_Data section_
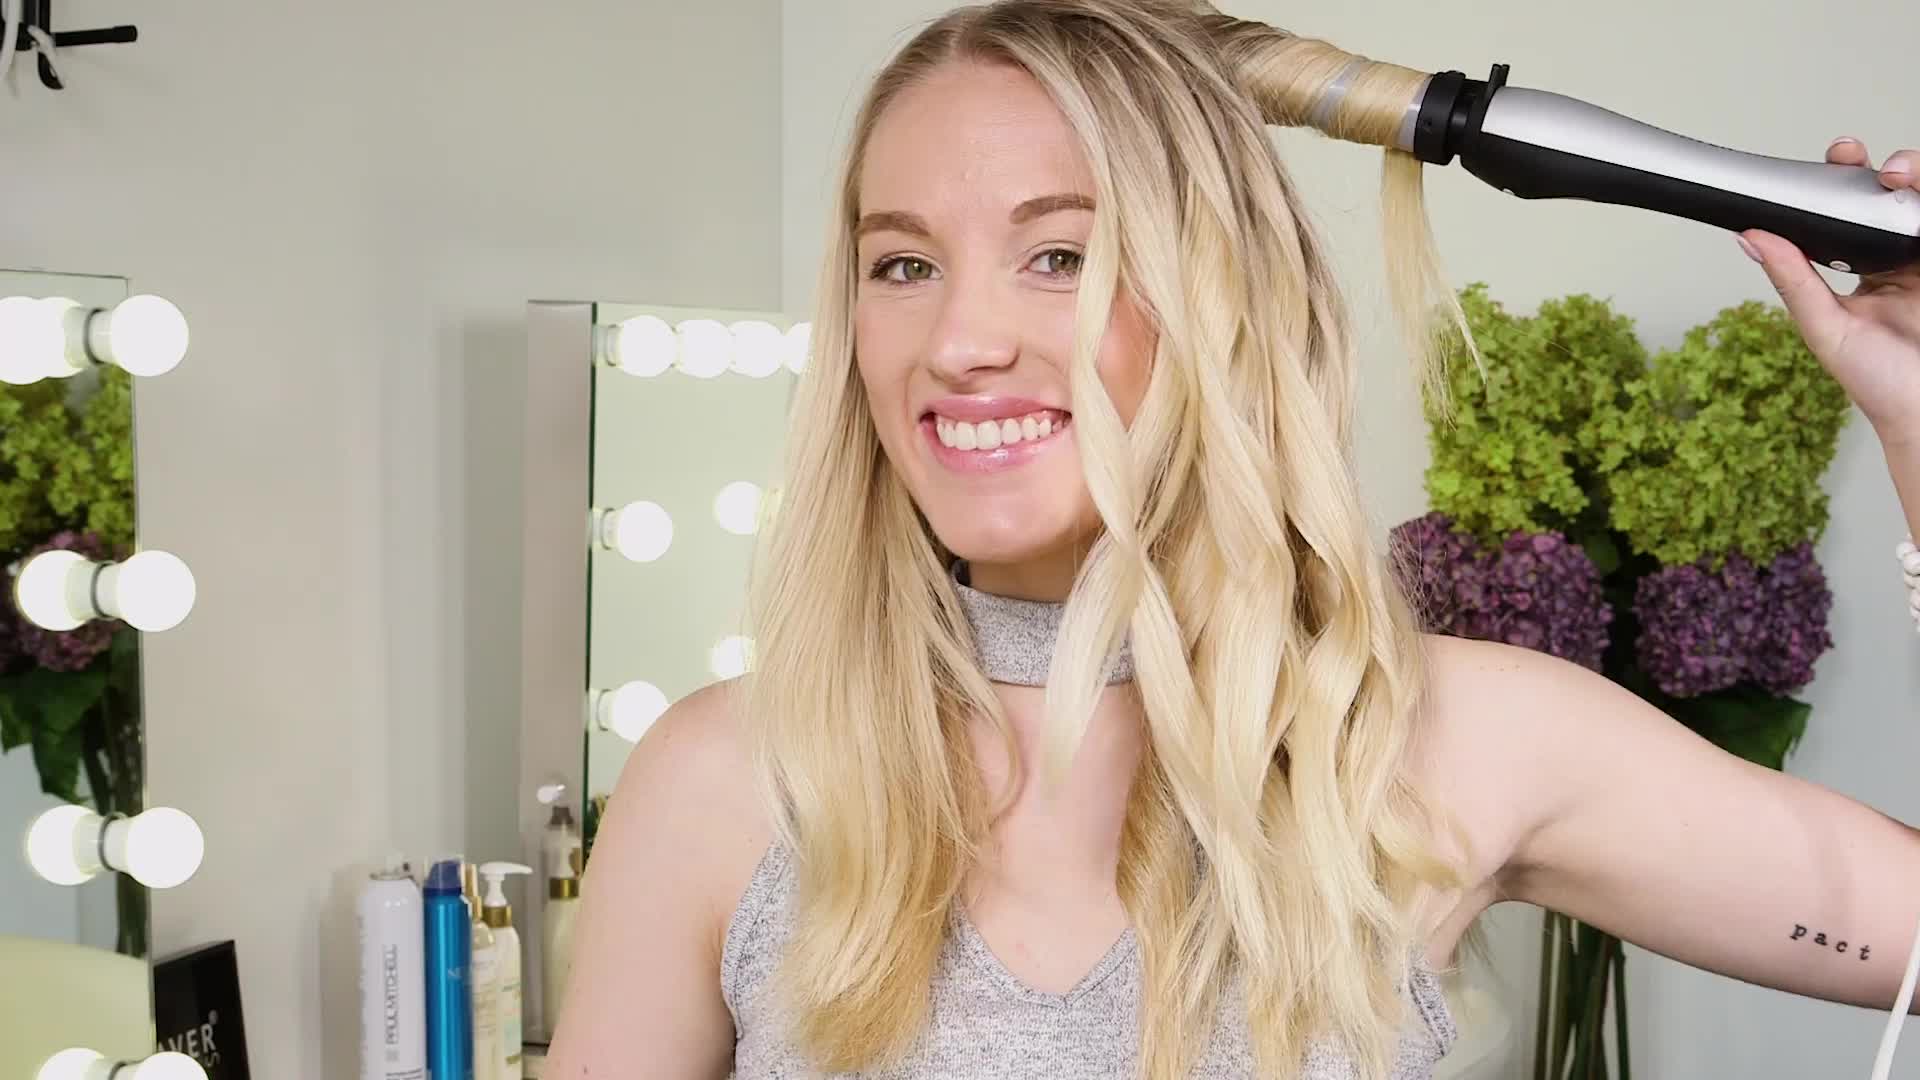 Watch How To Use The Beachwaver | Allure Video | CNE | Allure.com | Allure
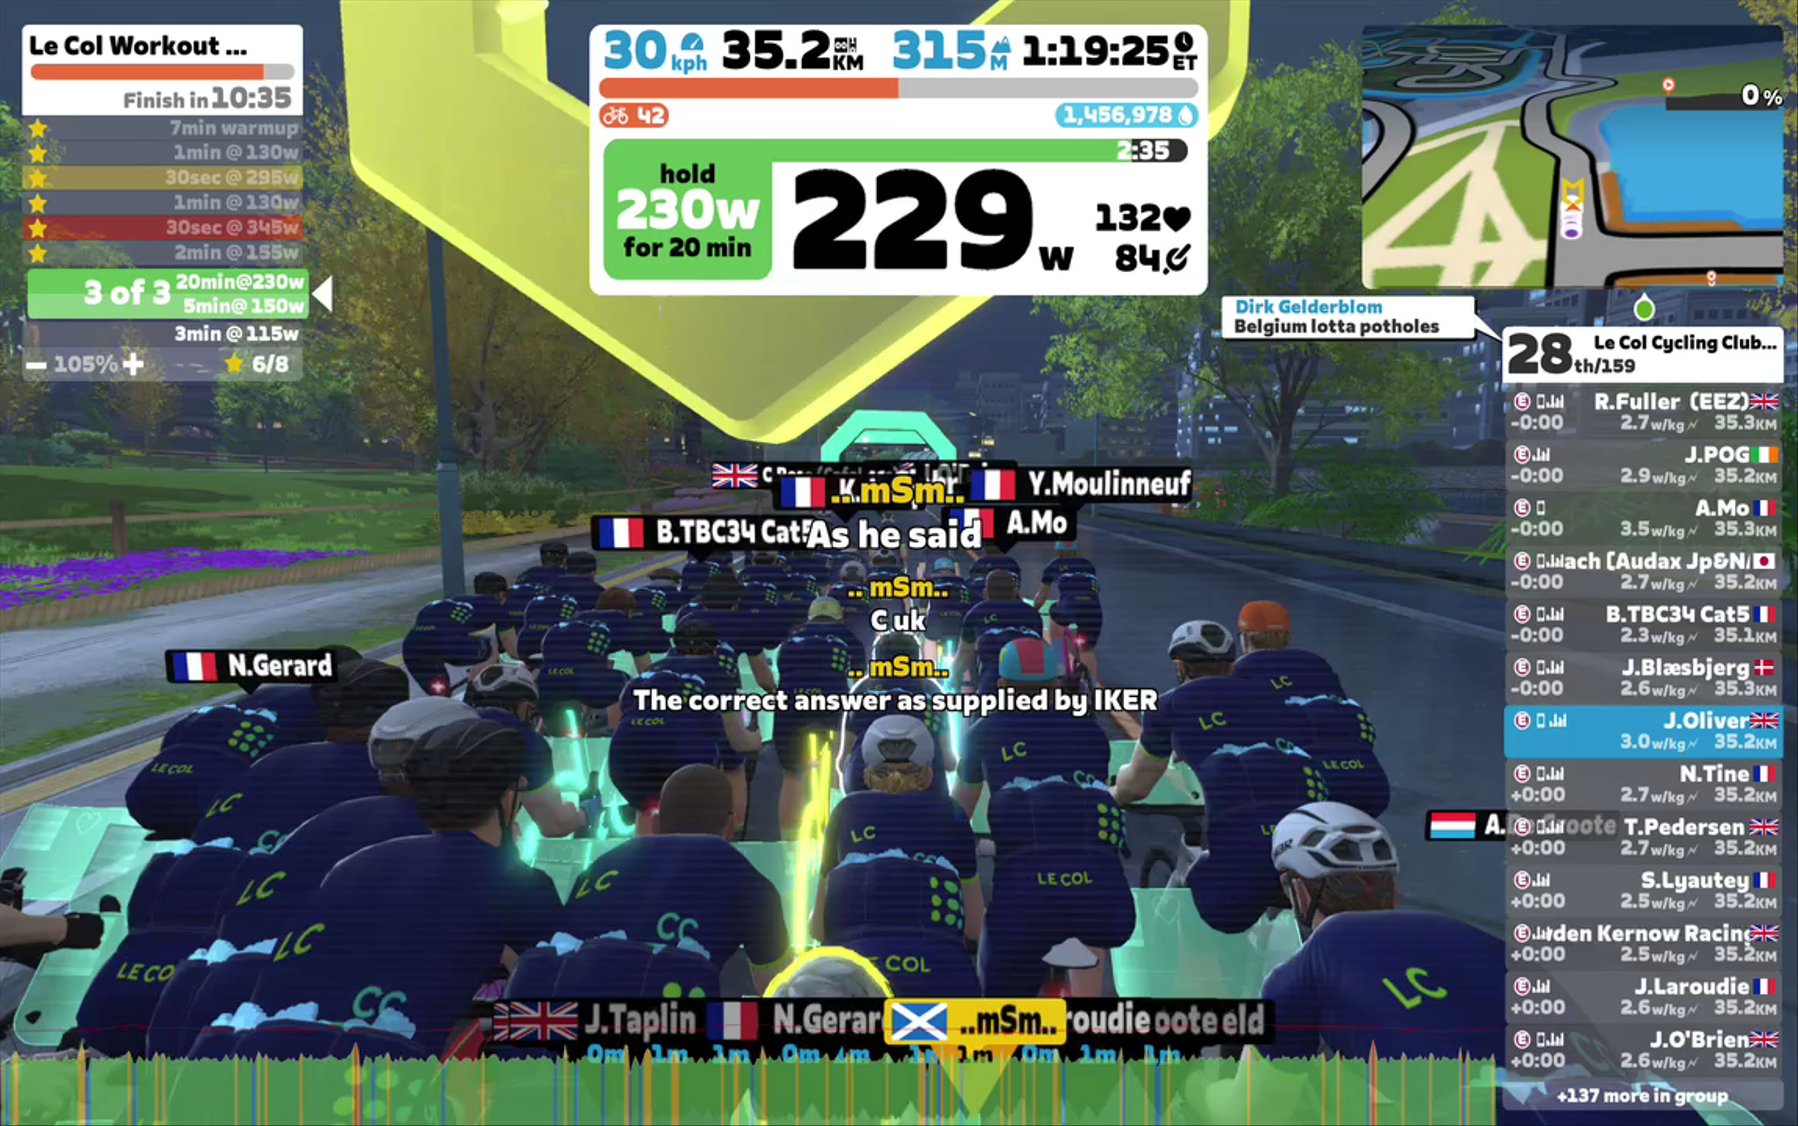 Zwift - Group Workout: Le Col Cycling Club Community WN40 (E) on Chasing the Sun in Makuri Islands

* * *

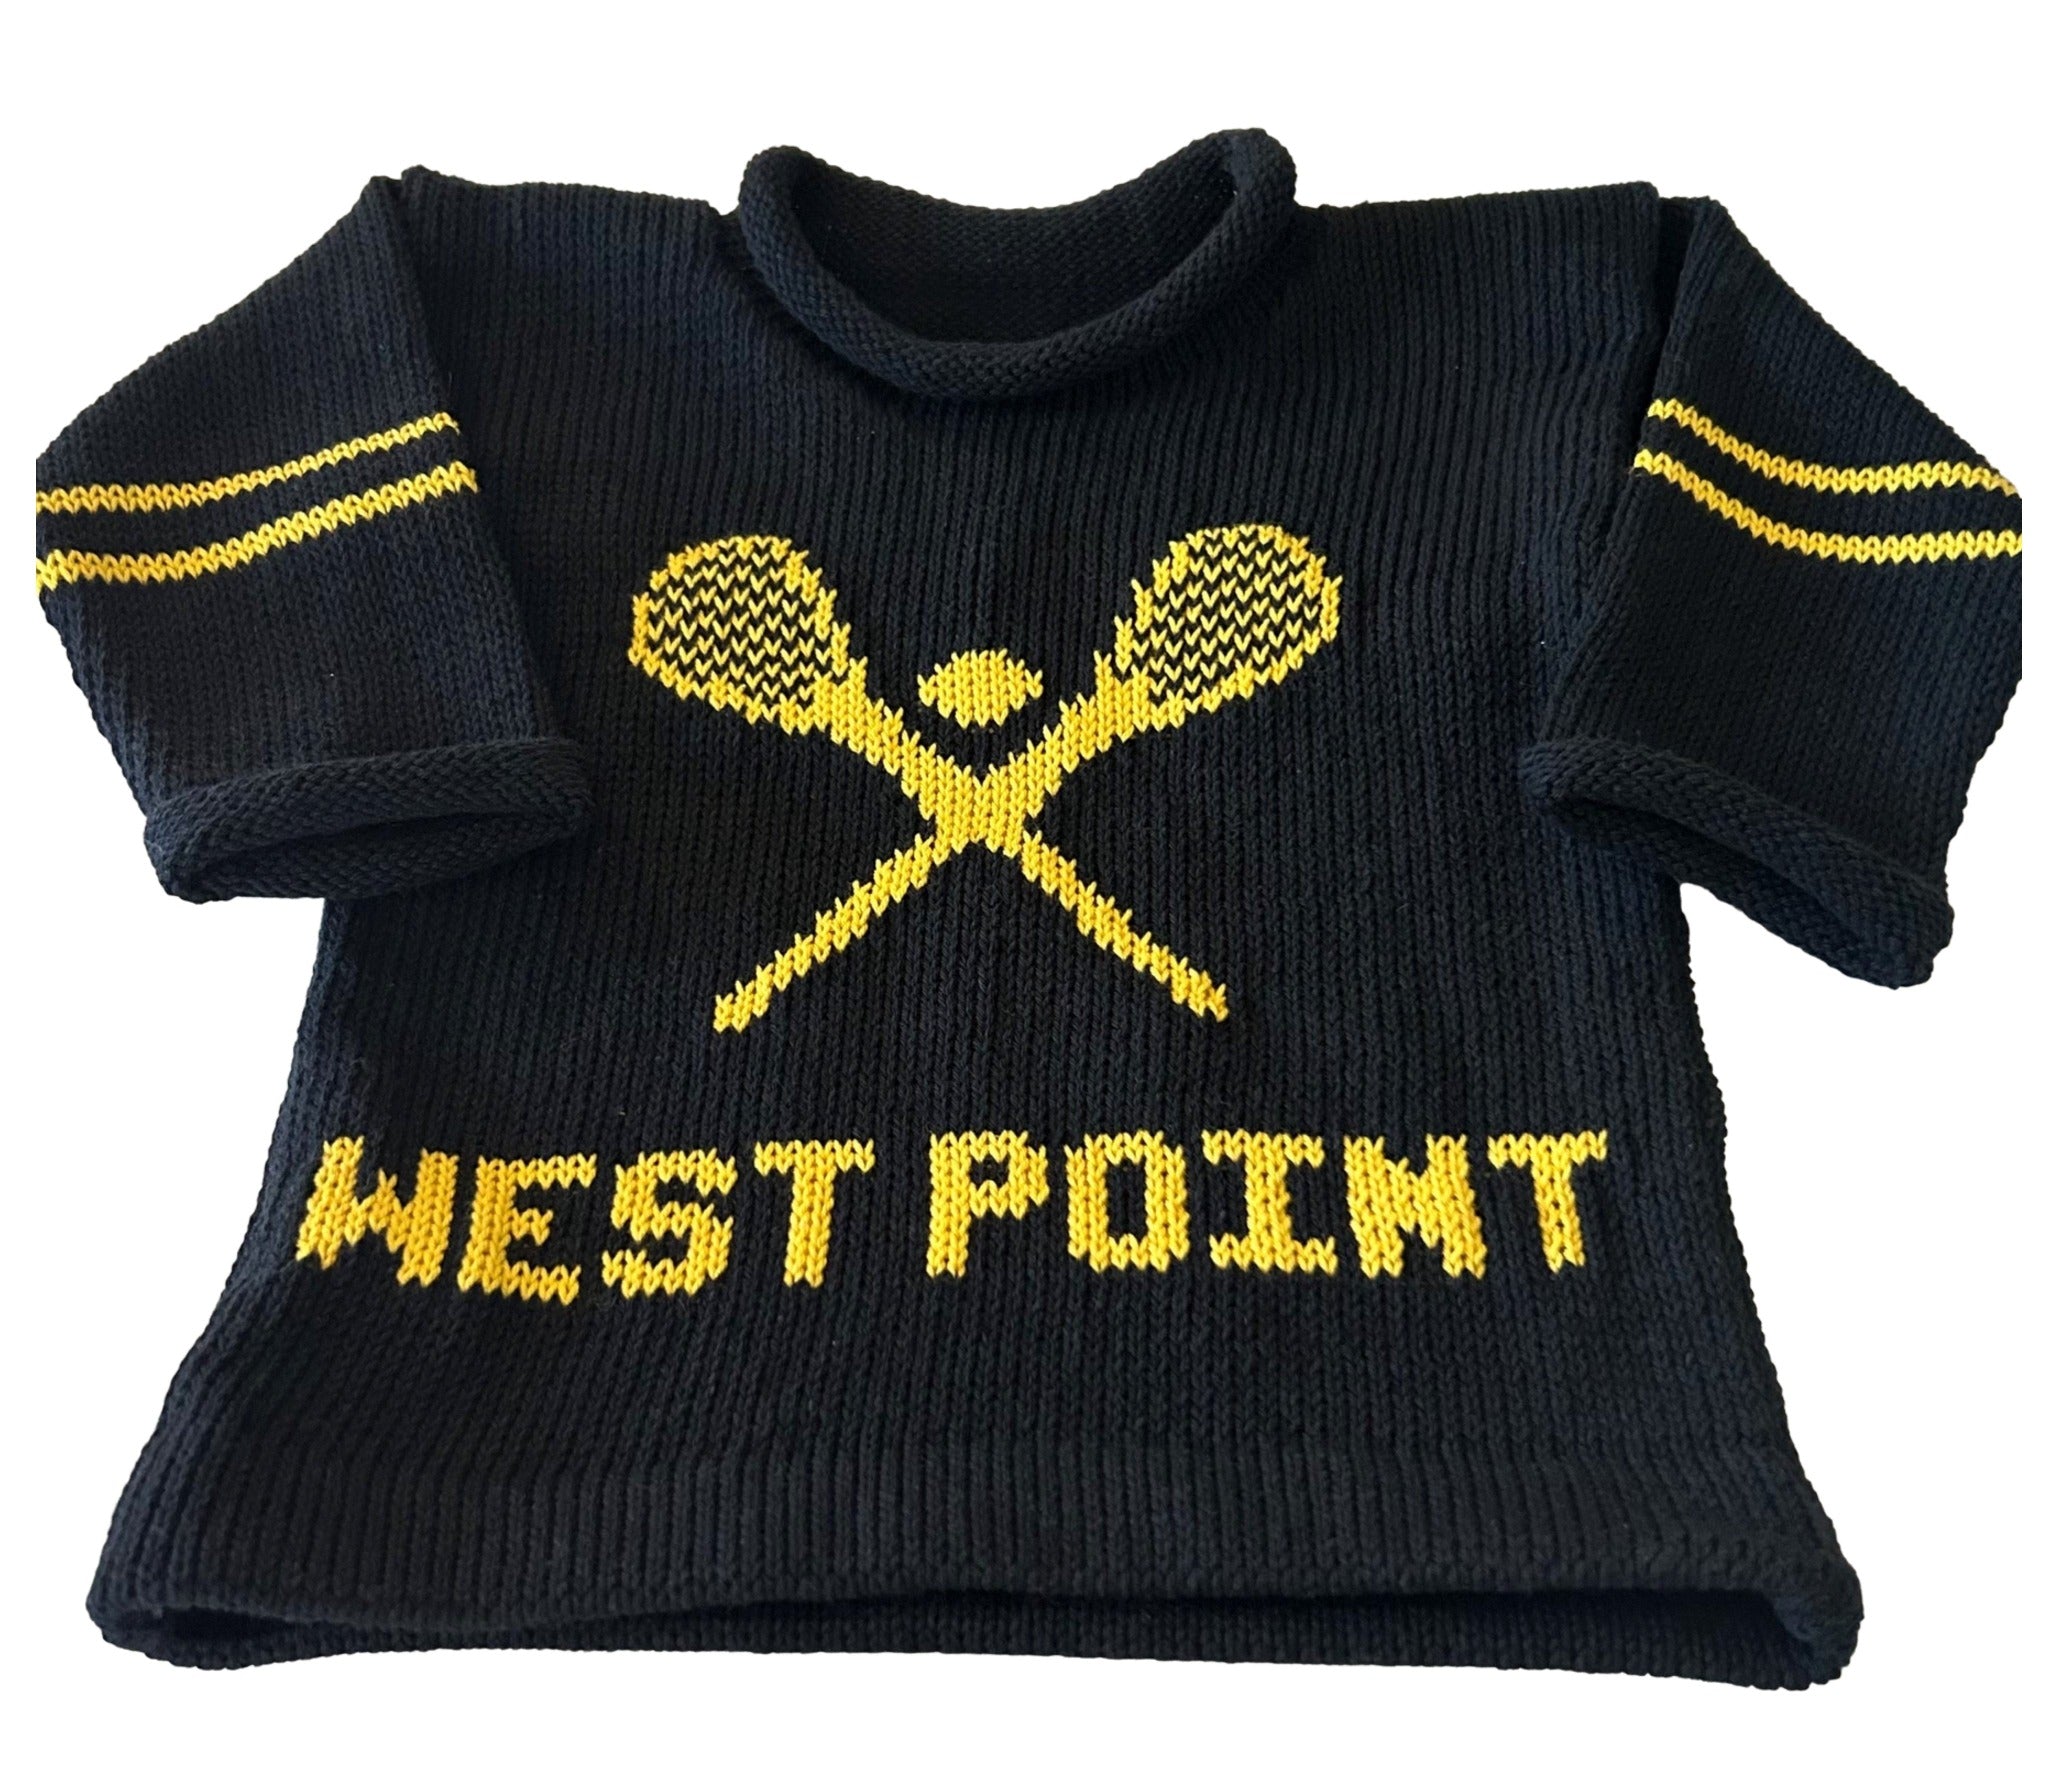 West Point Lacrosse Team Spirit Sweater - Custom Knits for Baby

_Exercise description_
The stretch above running from the line with "Watch How To" through the line with "Zwift - Group" is all you should copy, exactly, leaving out the pictures.

_Finished task_
 Watch How To Use The Beachwaver | Allure Video | CNE | Allure.com | Allure
 Zwift - Group Workout: Le Col Cycling Club Community WN40 (E) on Chasing the Sun in Makuri Islands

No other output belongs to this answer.